Grid Pricing Guidelines – Deciding when to price fed cattle on a live or dressed weight basis and on a grid basis is difficult. Generally, one would expect better quality cattle (high genetic type) should bring more with a grid, capitalizing on the quality grade premiums. And the corollary would be expected, one would expect to market lower quality cattle (low genetic type) on a live weight basis. As a general rule this may hold true. However, results can differ for several reasons.

First, a premium or discount may be built into the base price which could alter the above “normally expected” outcome. Second, market conditions may make Select grade discounts and yield grade 4-5 discounts such that the normally expected outcome changes. Lastly, composition of the pen, based on cattle weight, may alter the outcome.

The two figures below identify the nature of the discounts for Select grade and yield grades 4-5 carcasses in the simulator. The Select grade discount is greater for lighter carcasses, such as when fed cattle marketings are smaller. Large discounts signal feeders to keep cattle to heavier weights to increase the percentage of Choice grade carcasses, and thereby reduce the discount.

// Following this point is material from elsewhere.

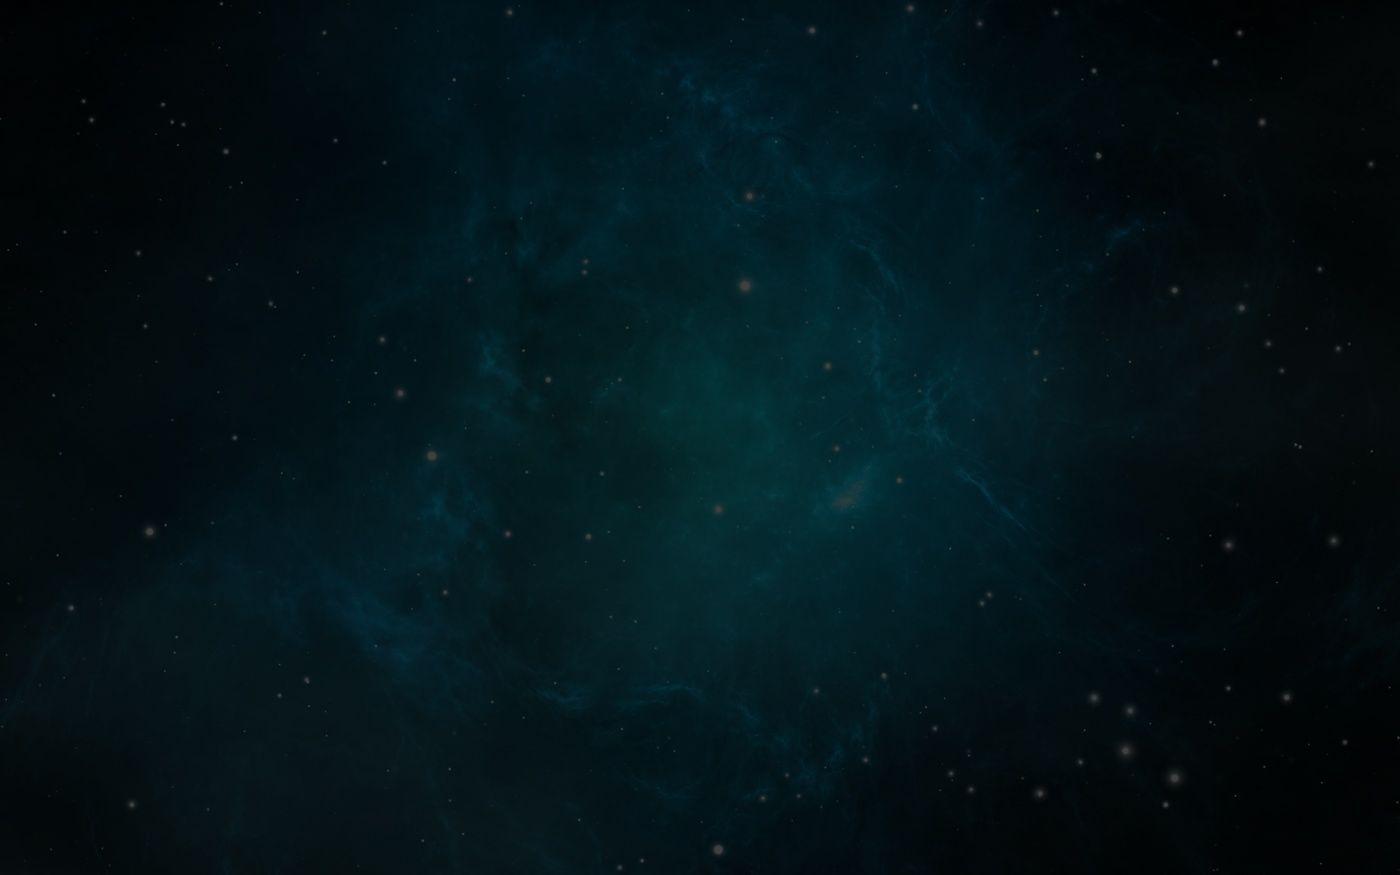 A Star Studded Sky Download Free  Banner Background Image on Lovepik   500831534
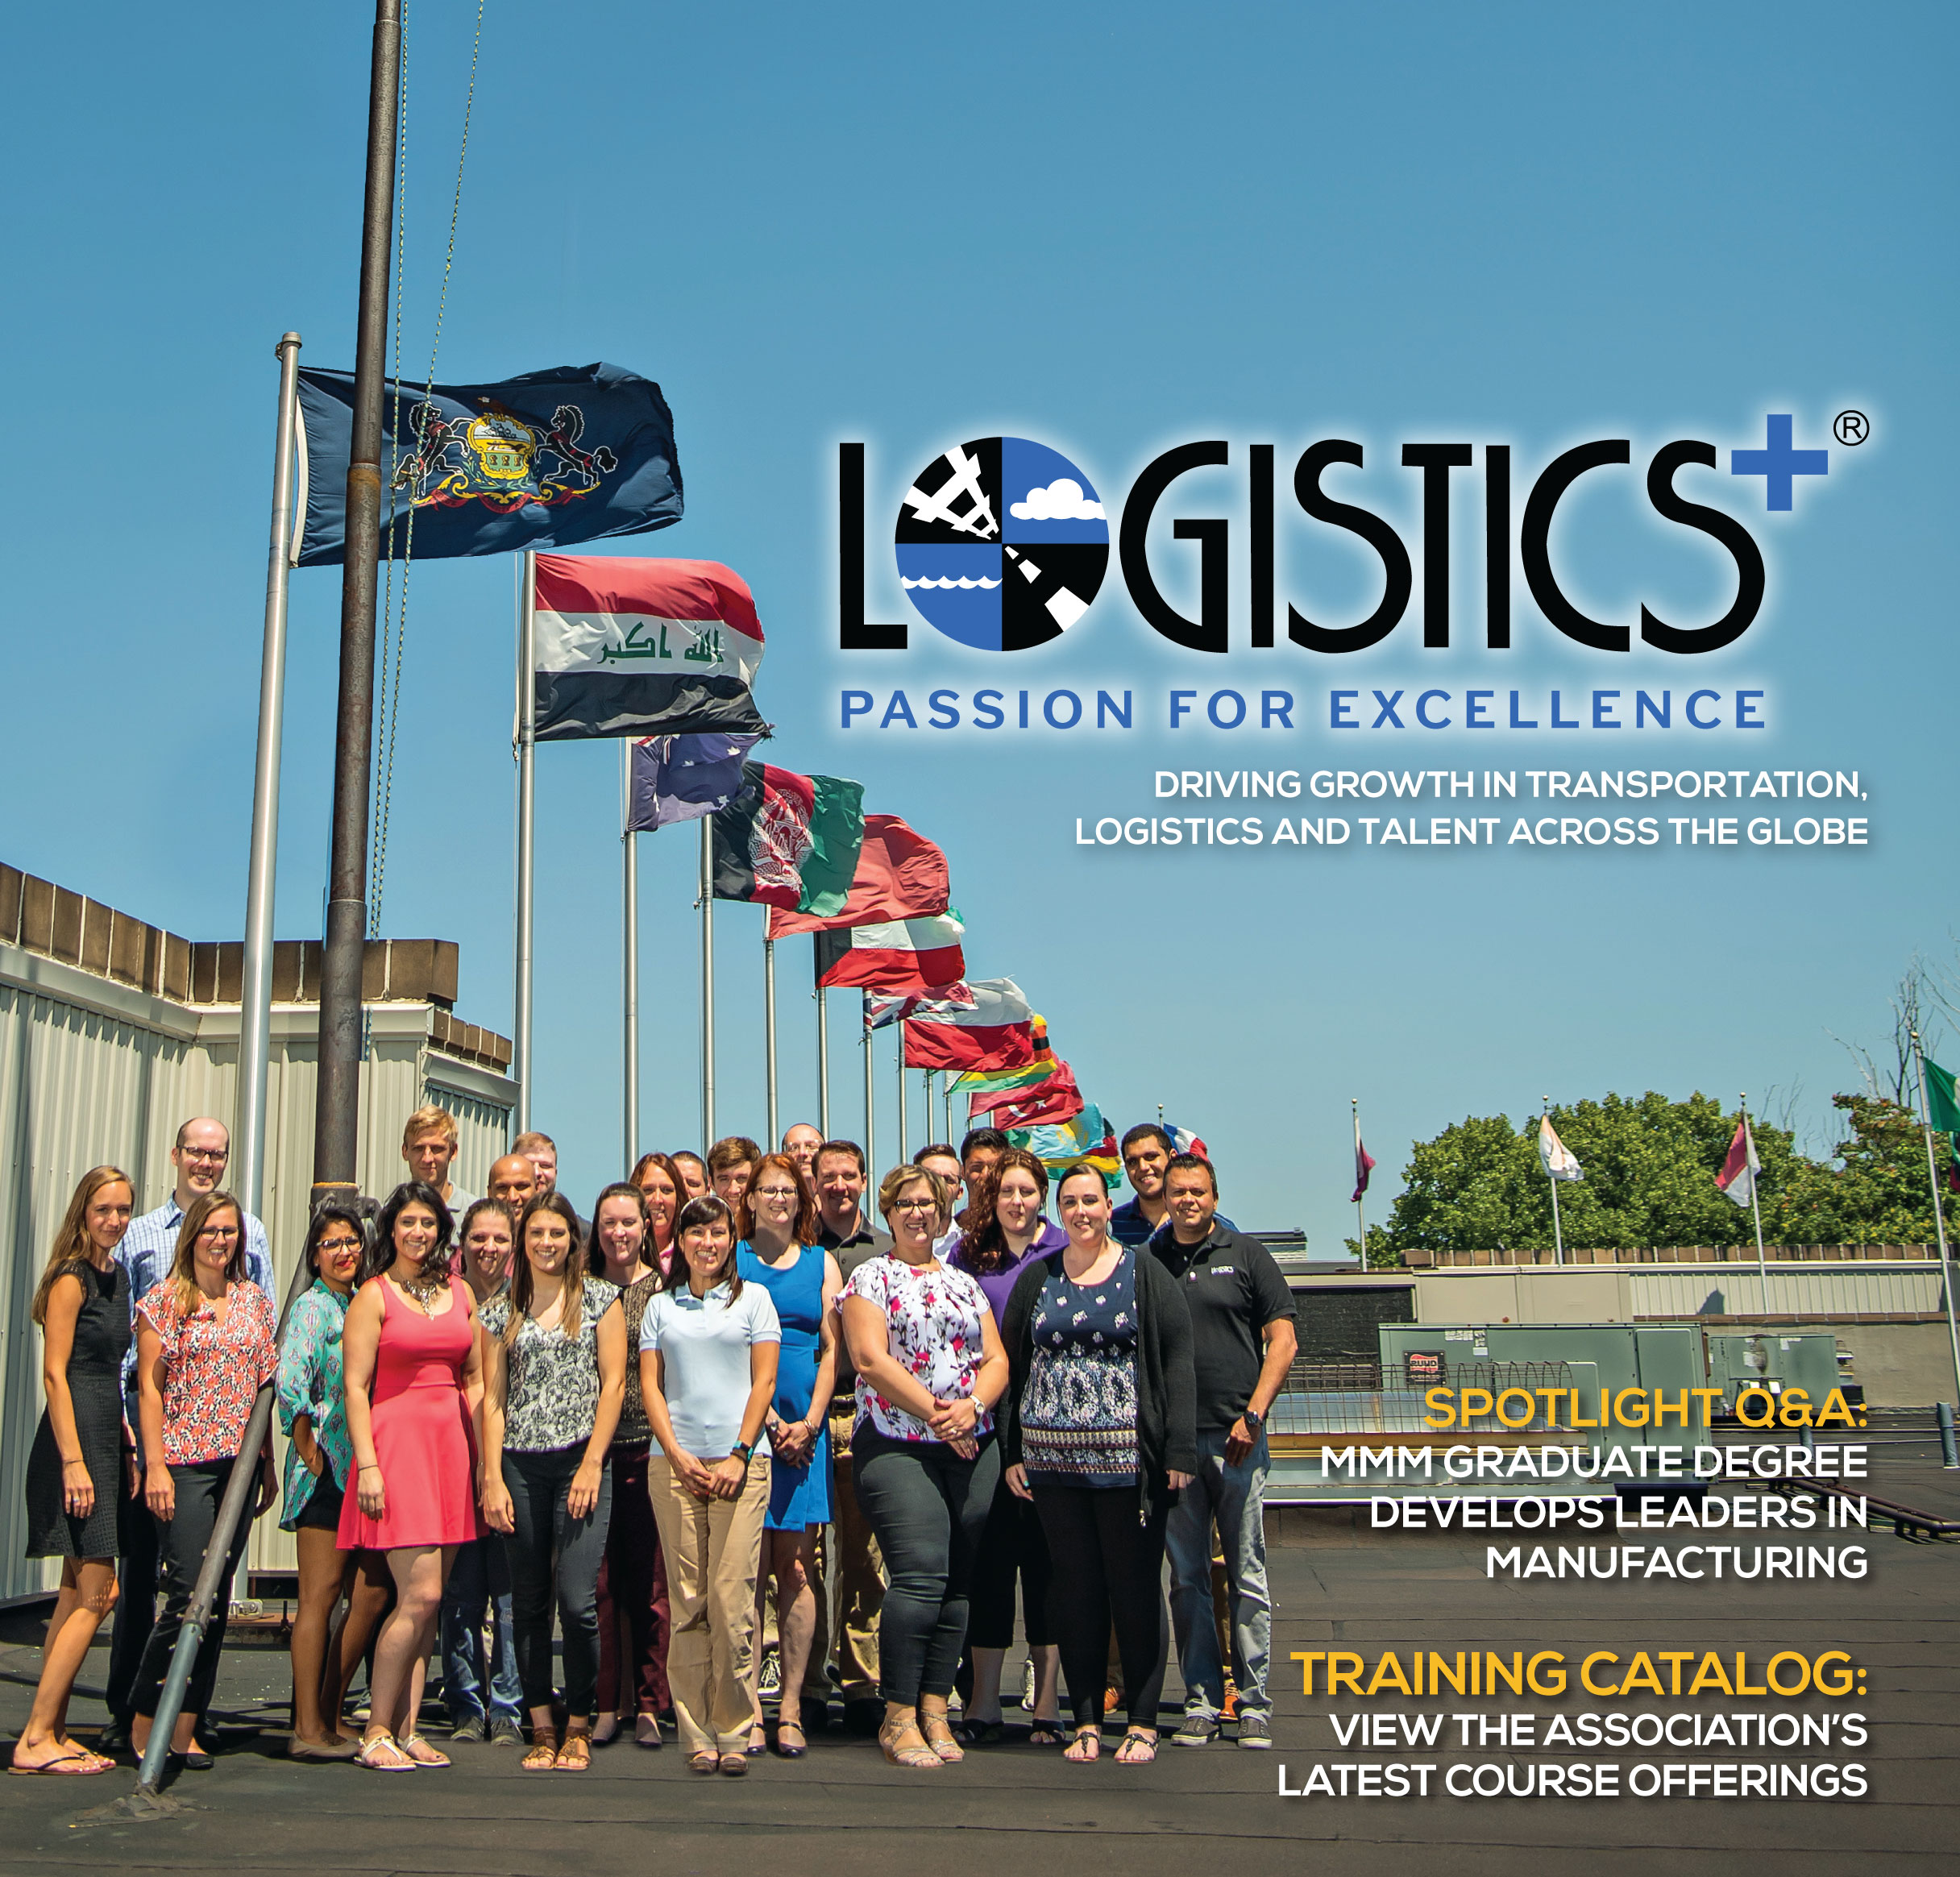 Logistics Plus featured in the September 2018 edition of Business Magazine

Discounts for yield grades 4-5 carcasses can be interpreted similarly but with one notable difference. The largest discounts for yield grades 4-5 carcasses are when cattle weights are heavy, as when supplies are plentiful. In this case, the market is sending a signal to feeders to market cattle at lighter weights to reduce the percentage of overfinished cattle.

Note the contrary market reactions to marketing heavier or lighter cattle. Heavier cattle increase the percentage of yield grade 4-5 cattle and discounts increase. Heavier cattle also increase the percentage of Choice grade cattle and the Select discount narrows, meaning less premium for Choice grade cattle. Thus, keeping cattle to heavier weights has a simultaneous positive and negative effect in addition to the cost of gain effect discussed in the feedlot economics paper.

Summary Advice – Putting forth concrete guidelines for grid pricing is very difficult. Packer and feeder teams are encouraged to try purchasing/marketing fed cattle with grid and alternative pricing methods in the simulator to determine what is effective and what is not.